Мы идём, и запах гари усиливается. Из-за домов показываются чёрные клубы дыма. Они стелятся низко, над самым асфальтом. Заворачиваем за угол, и нас обдаёт волной горячего воздуха.
Горит пятиэтажный дом. Пламя вырывается из нижних окон и лижет стены. Напротив стоят три пожарные машины. Из присоединённых к ним брандспойтов упругими струями бьёт коричневая пена.
— Не подходить! — кричит нам пожарный, дежурящий возле заграждения. — В любой момент всё может рухнуть! — его взгляд останавливается на мне. — О, Боже, вы ранены?!
Я вспоминаю, что после стычки с девушкой покрыт кровью.
— Нет, — говорю я. — Просто… испачкался.
— Да? — в голосе пожарного звучит сомнение.
— Со мной всё в порядке, уверяю.
— Давно горит? — интересуется Марк, наблюдая за происходящим.
— Второй час, — отвечает пожарный. — Огонь пошёл по центру, лестничные пролёты с первого по третий этажи рухнули, подъезды завалило.

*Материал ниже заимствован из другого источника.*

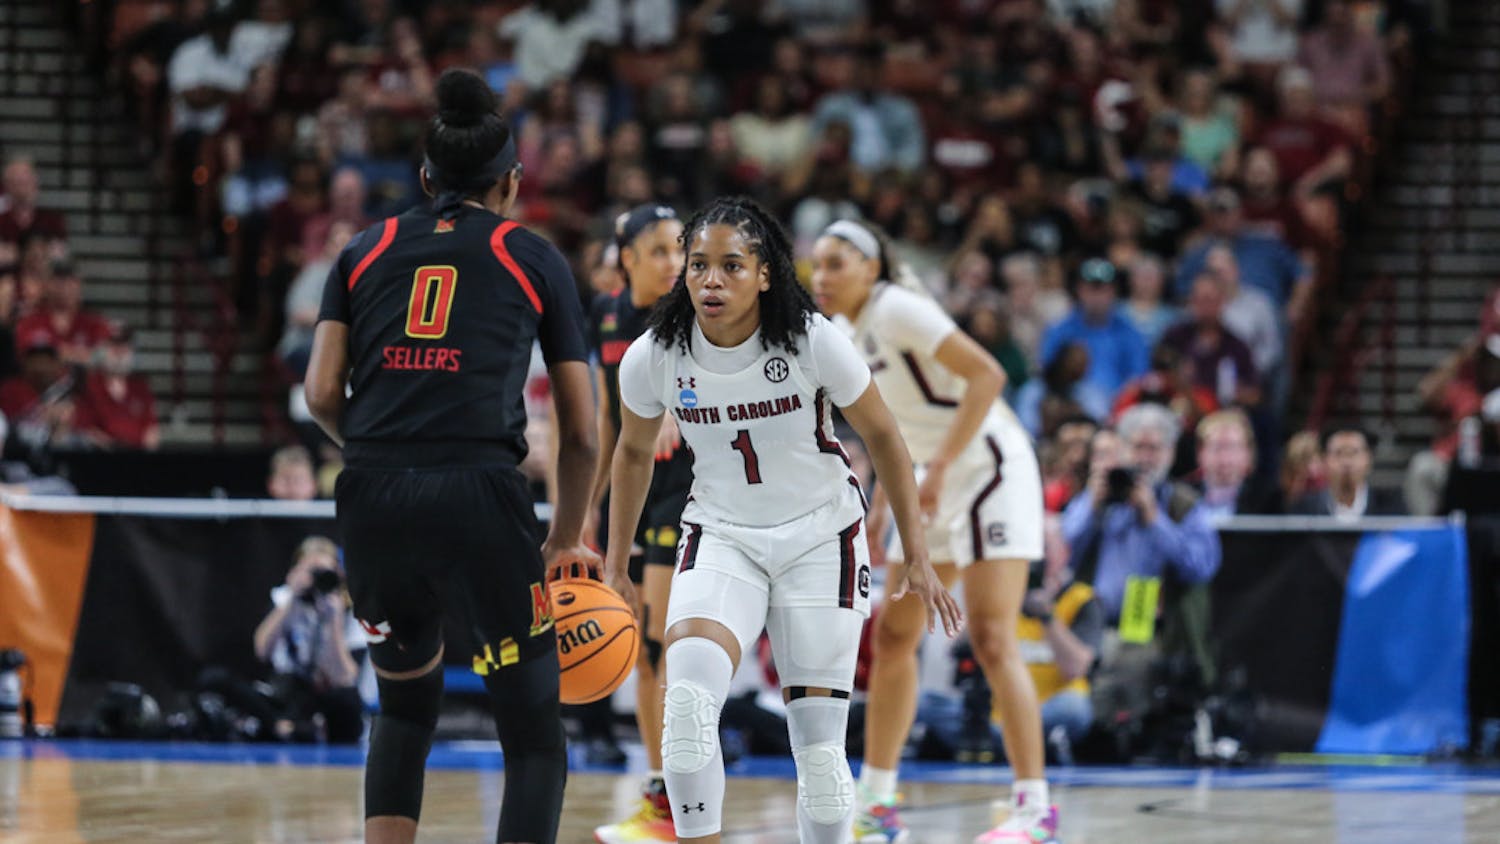 Senior guard Zia Cooke defends against Maryland's offense before the opponents pass the ball during the Elite Eight game on March 27, 2023. Cooke scored 18 points for the Gamecocks.

— Там есть люди? — спрашиваю я.
— Были. Мы не смогли их снять. Залили в верхние окна пену, но огонь шел по центру, и струя до него не доставала.
— За час они, конечно, поджарились, — говорит Марк.
— Думаю, раньше задохнулись.
— А из-за чего пожар? — спрашивает мой проводник.
Мне кажется, этот разговор нас задерживает, но я не хочу выдавать нетерпение.
— Скорее всего, газ взорвался, — отвечает пожарный, стряхивая с одежды хлопья порхающей вокруг сажи. — Пошла отсюда! — рявкает он на собаку, с ошалелым видом подбежавшую к ограждению.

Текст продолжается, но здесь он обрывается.